Roberto Bolaño, “Playa”, in El Mundo*, 17/Agosto/2000 [tradução: AMC, 2009]

*série de contos escritos por vários autores subordinados ao tema “O pior Verão da minha vida” e publicados no Verão de 2000 no jornal espanhol El Mundo. Para além de Bolaño participarem neste desafio escritores como Zoé Valdés, Francisco Umbral, Eduardo Mendicutti, Manuel Hidalgo, Juan Marsé, Ignacio Padilla, Lucía Etxebarria, Guillermo Cabrera Infante, José Ovejero, entre outros.

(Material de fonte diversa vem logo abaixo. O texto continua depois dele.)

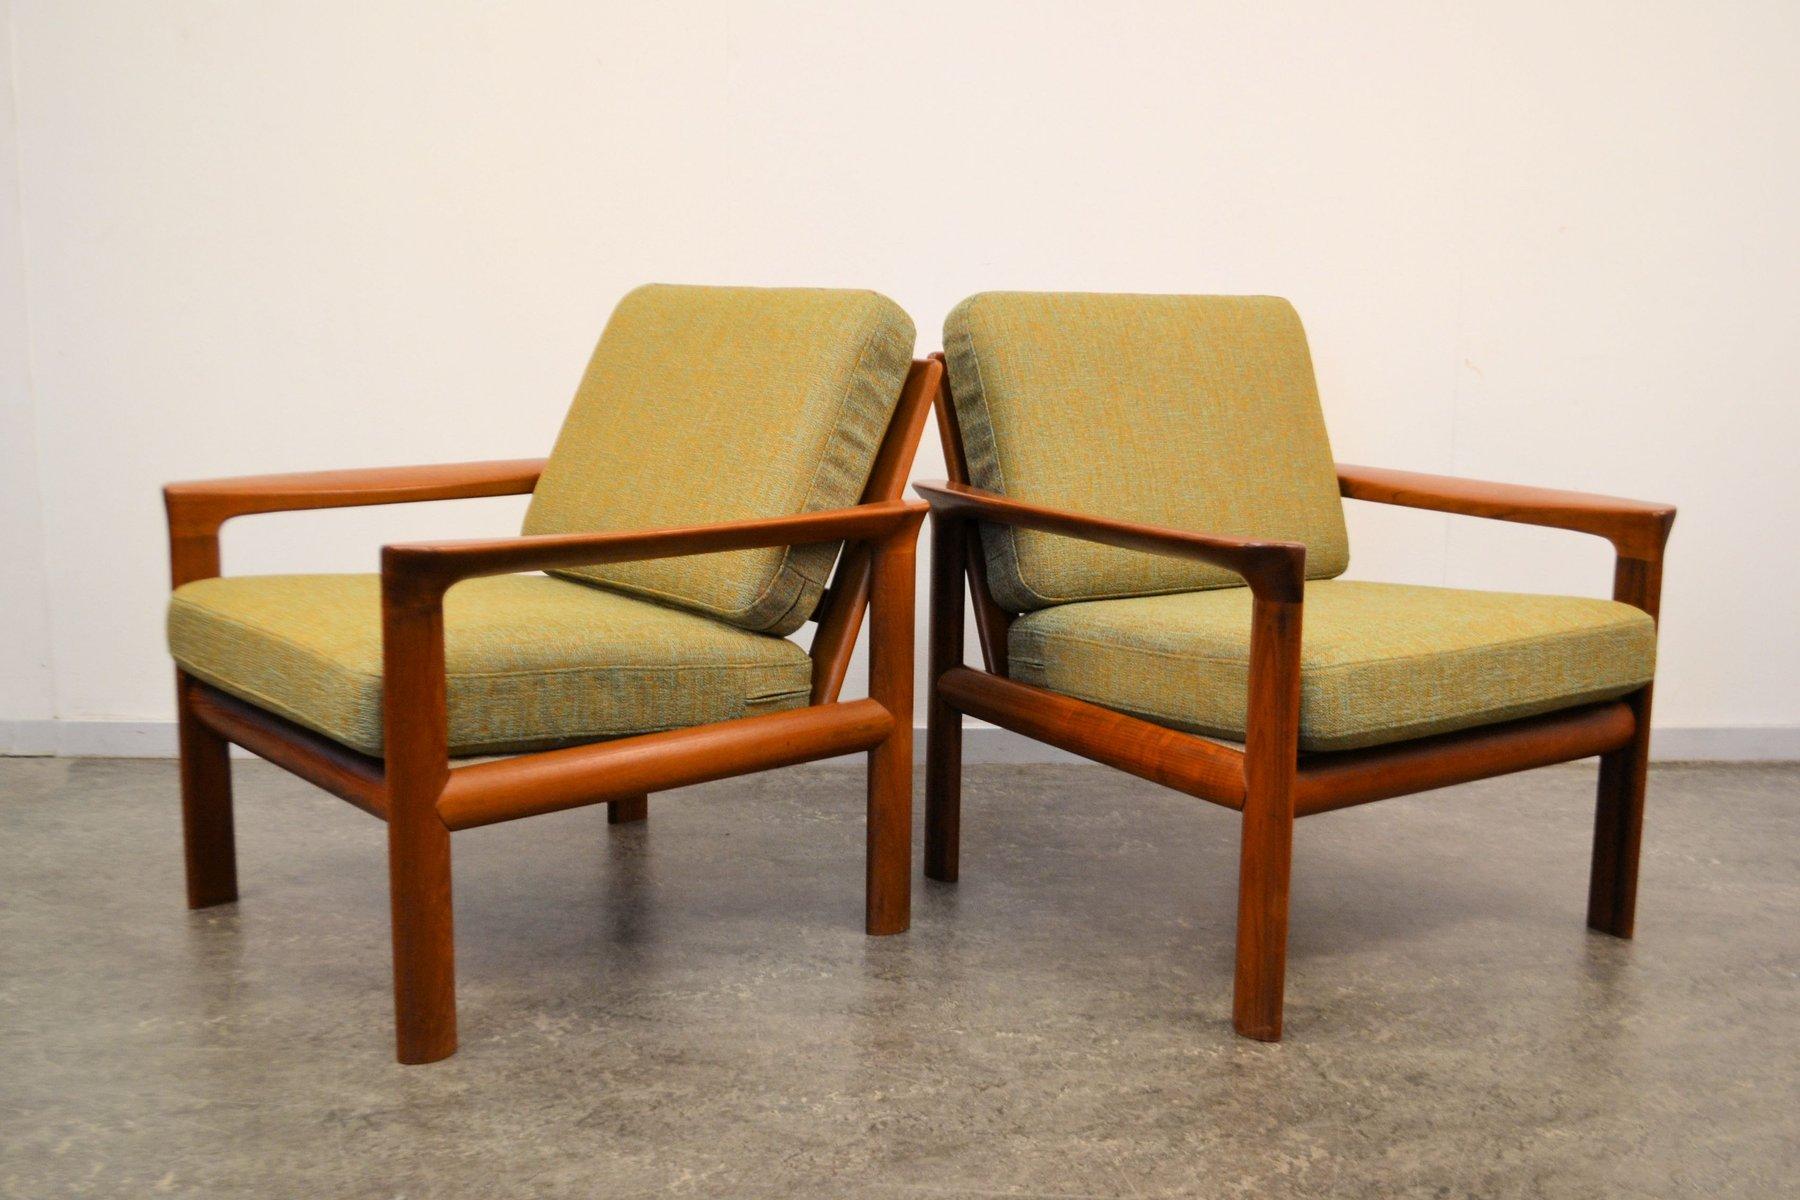 Teak Lounge Chairs By Sven Ellekaer, Set Of 2
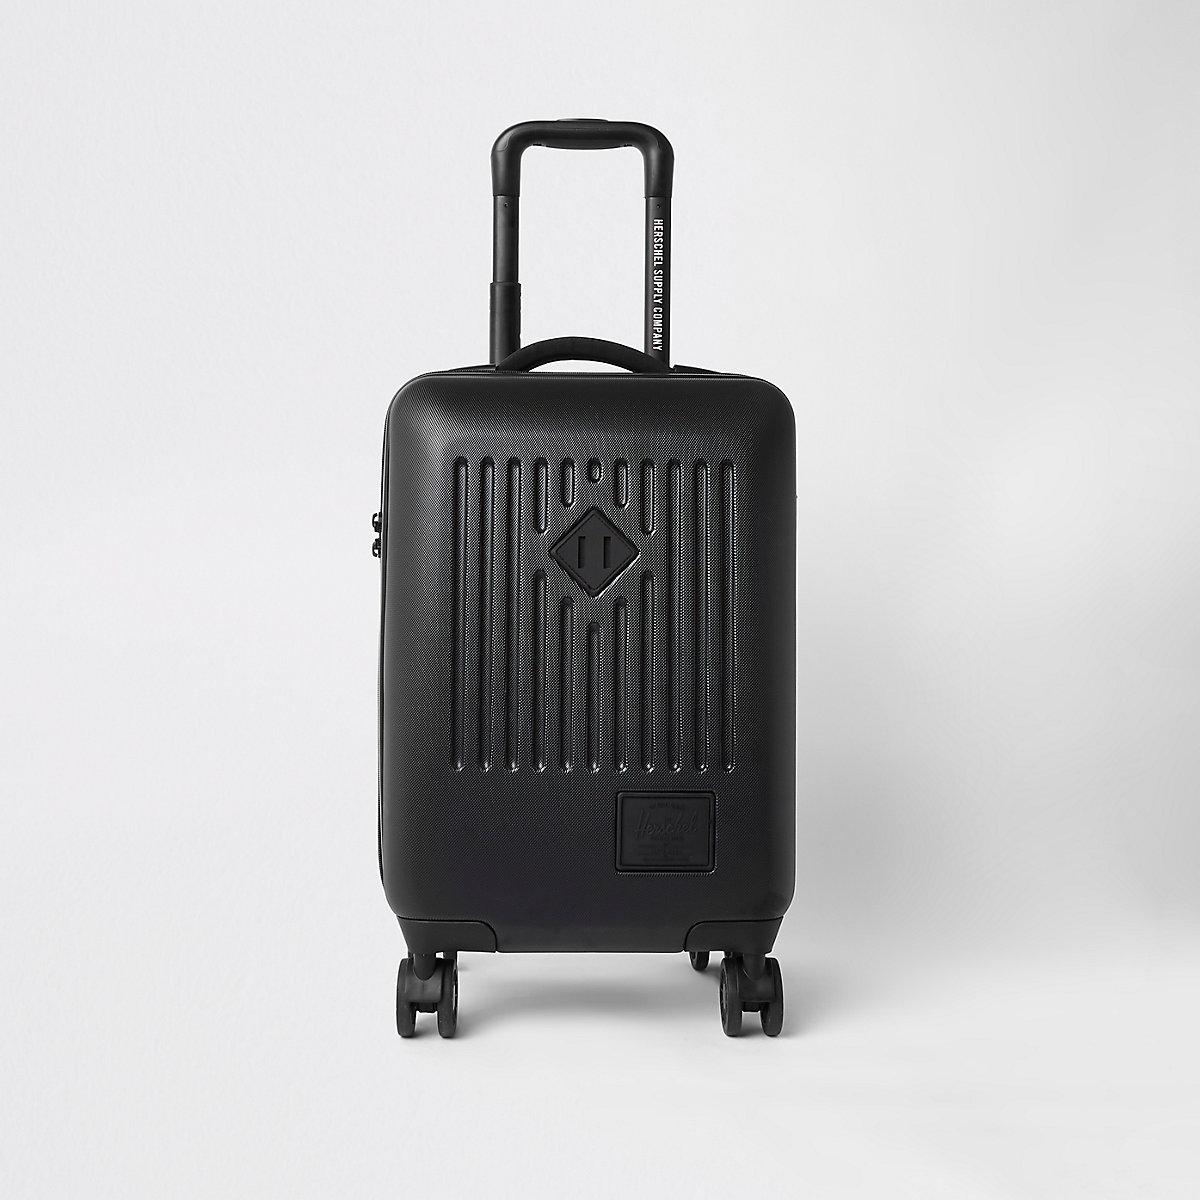 Herschel black trade carry on suitcase

A habitual citação dominical foi substituída pela “citação completa” de um conto de Bolaño, publicado em 2000 no mencionado jornal espanhol. A sua pertinência deve-se à habitual especulação necrófaga sobre a vida de um determinado autor que se destacou em vida pela excelência da sua literatura. Foi assim com Hemingway, tentaram fazê-lo com Henry James, e iniciou-se agora a campanha de esquadrinhamento da vida privada de Bolaño. Com este conto, alguns biógrafos de pacotilha vêem nele um ex-heroinómano, que lutou anos contra o seu vício quinciano. Outros investigam ainda possibilidade de Bolaño não ter estado no Chile a 11 de Setembro de 1973 – como o autor insistentemente afirmava nos seus escritos –, quando se deu o Golpe de Estado de Augusto Pinochet contra o Presidente socialista Salvador Allende. Logo a sua famosa prisão por uma semana acusado de ser terrorista foi uma farsa. E hão-de continuar. Mais episódios surgirão independentemente da vontade da família, dos seus amigos e editores.